Possible uses of the plugin
The integration of GPT into ResourceSpace provides lots of possible ways to help you improve and automate metadata processing tasks. A few examples include:
- Automated image tagging and description: ResourceSpace can now be configured to automatically tag and describe images based on their content, improving searchability and categorization.
- Facilitation of Rights Management: ResourceSpace can now be configured to recognize objects, scenes, or even text within images which can assist in rights management by identifying copyrighted material or trademarks. This capability helps ResourceSpace users ensure compliance and avoid unintentional misuse of assets.
- Automated title/summary generation: ResourceSpace can now be configured to generate concise and descriptive titles and summaries from large blocks of text, like a PDF file, subtitles from a video file, or pulled in from a Collection Management System or Product Information Management system.
- Keyword extraction: ResourceSpace can now automatically extract meaningful keywords from a block of text, providing a list of relevant keywords for searching, categorization, and more.

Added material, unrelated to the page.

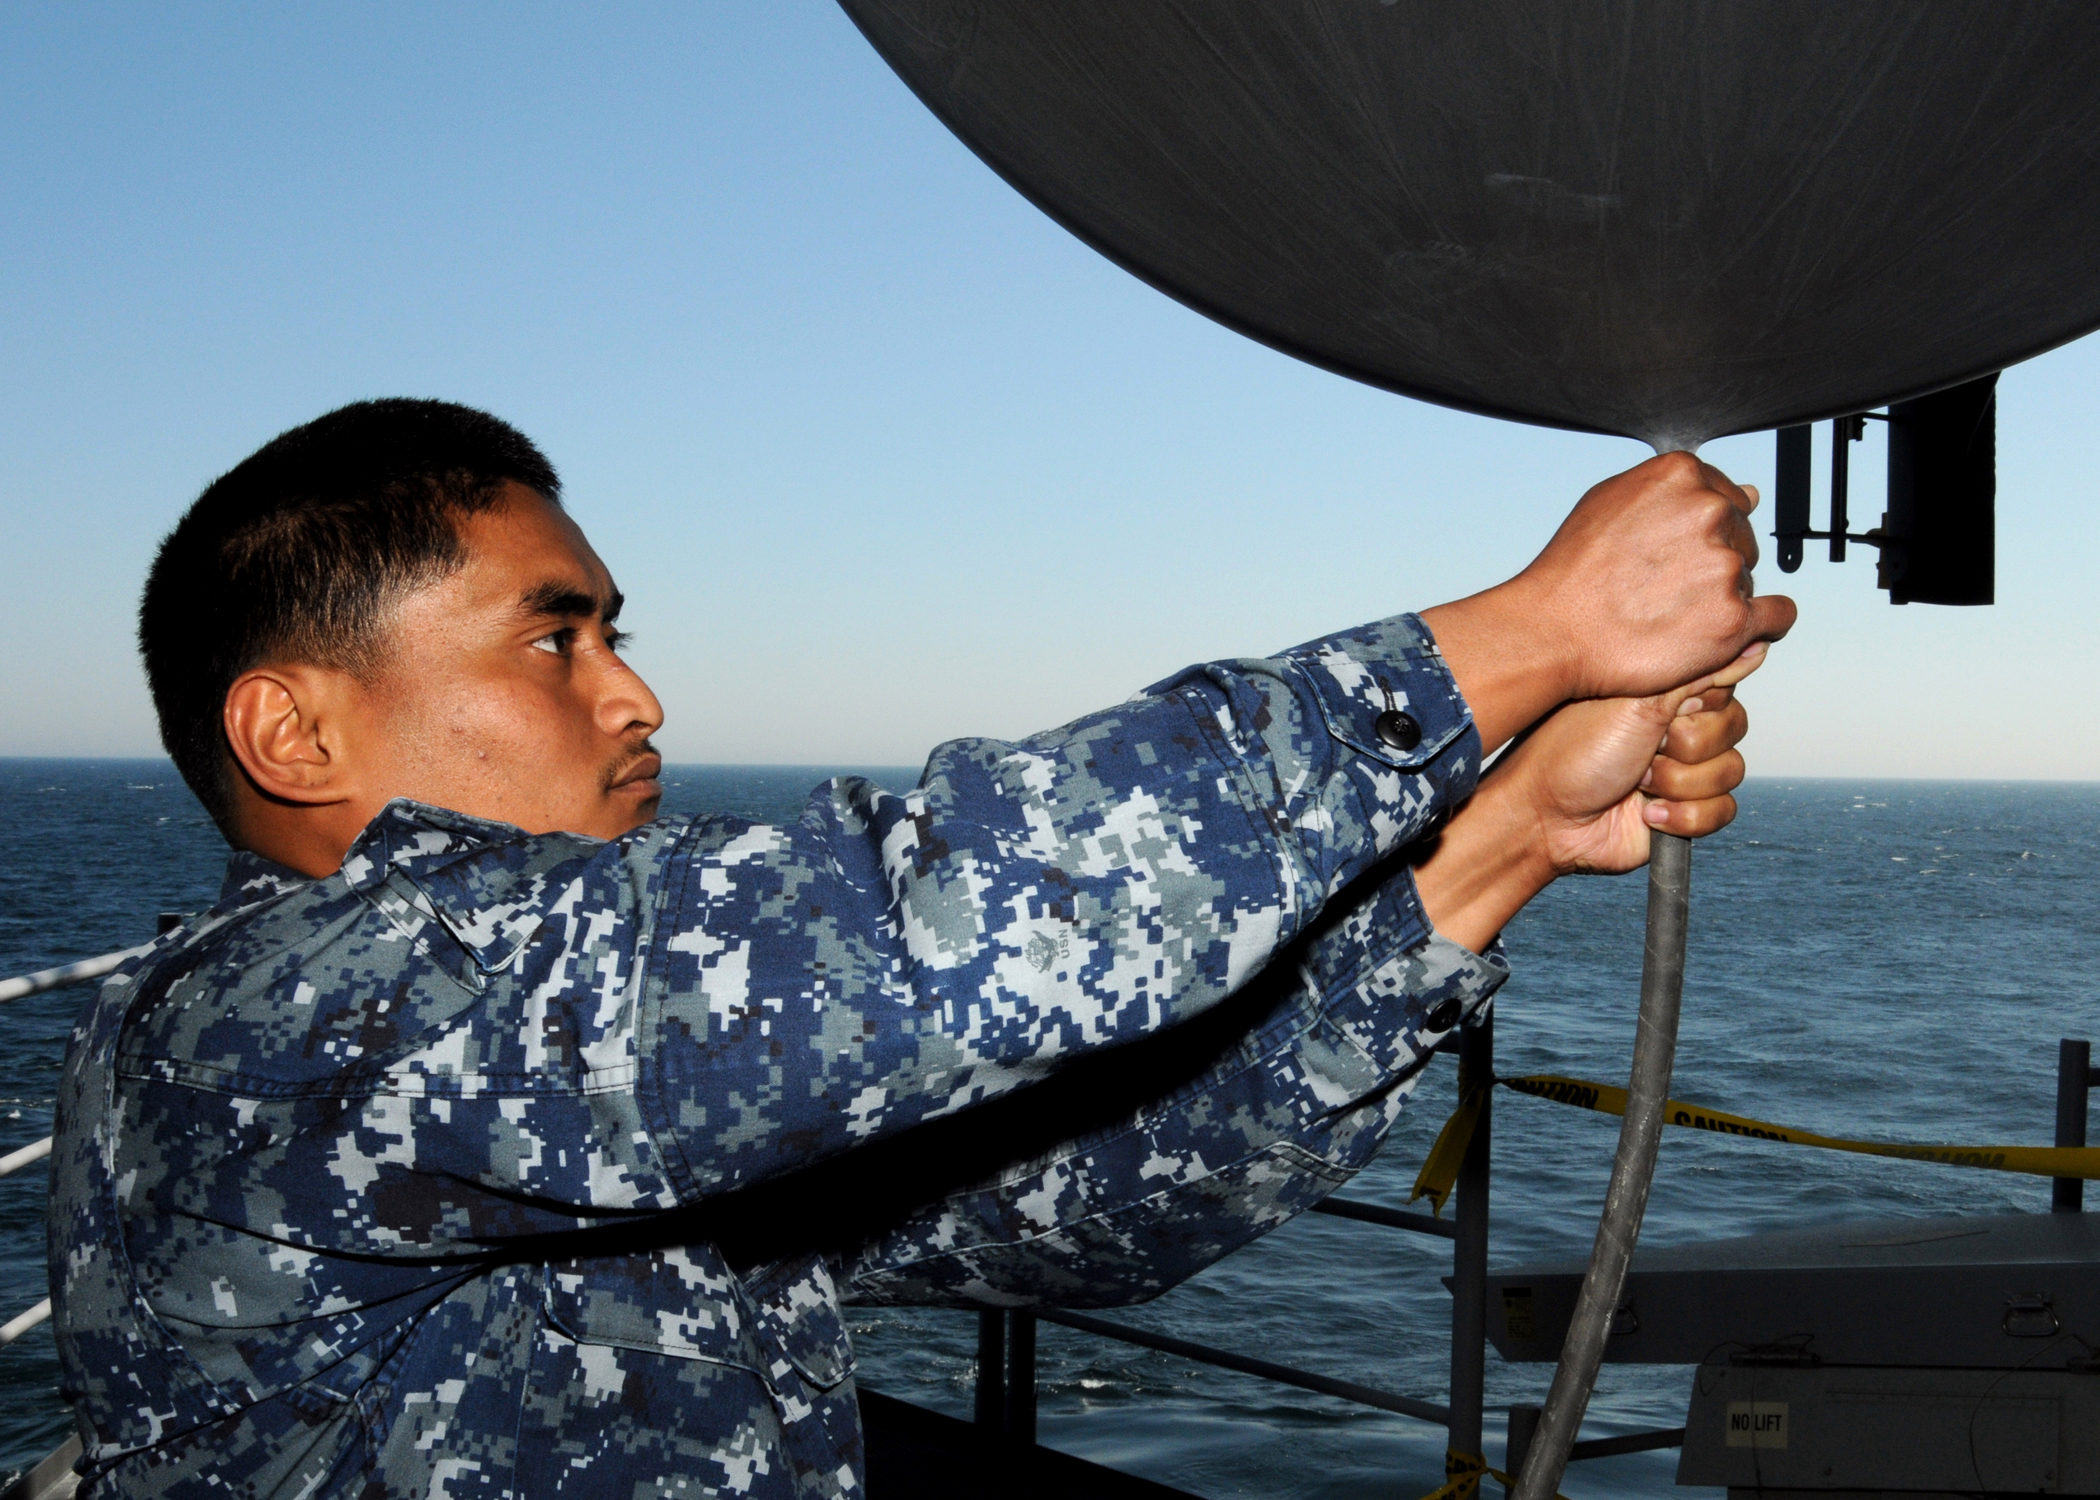 US Navy 100324-N-6509M-016 Aerographer's Mate Airman Apprentice Dante J. Blesoch prepares to release a weather balloon o analyze atmospheric pressure and temperature

The list of keywords can be made more specific based on the prompt provided.
- Automatic categorization: GPT integration can be used to automatically categorize digital assets based on their content, saving time and ensuring consistent and accurate categorization. Automated categorization can also generate custom reports and statistics for valuable insights into the types and distribution of digital assets.
Populating existing resources
If you already have resources with input data when you enable the plugin you can run the process_existing.php script to update the target field. These steps need to be performed on the ResourceSpace server by a system administrator.
- On the server, navigate to the ResourceSpace web root and then into 'plugins/openai_gpt/pages/'
- Run the process_existing.php script as below
php process_existing.php [OPTIONS...] OPTIONS SUMMARY --help Display help text and exit -c --collection Collection ID. Only resources in the specified collections will be updated -f --field ID of metadata field to update -o --overwrite Overwrite existing data in the field? Note that if overwrite is enabled and the input field contains no data the target field will be cleared. False by default EXAMPLES php process_existing.php --field=18 --collection=56 php process_existing.php --field=18 --collection=56 --overwrite php process_existing.php -f 18 -c56 -c77 php process_existing.php -f 18 -c56 -c77 -o
Tips and troubleshooting
- Text fields being populated with JSON: If you have configured a text field to use the GPT response and the input field is of a fixed list type you may see the text output being formatted as JSON e.g. ["warship", "battle", "invasion"]. To fix this simply indicate in your prompt how you want the output to be returned - i.e. instead of 'Provide 3 keywords' you could write 'Provide 3 keywords, returned as a comma separated list'. This will mean your data gets returned in a more readable form i.e. 'warship, battle, invasion'. You can even say 'make sure there's no JSON in the output'.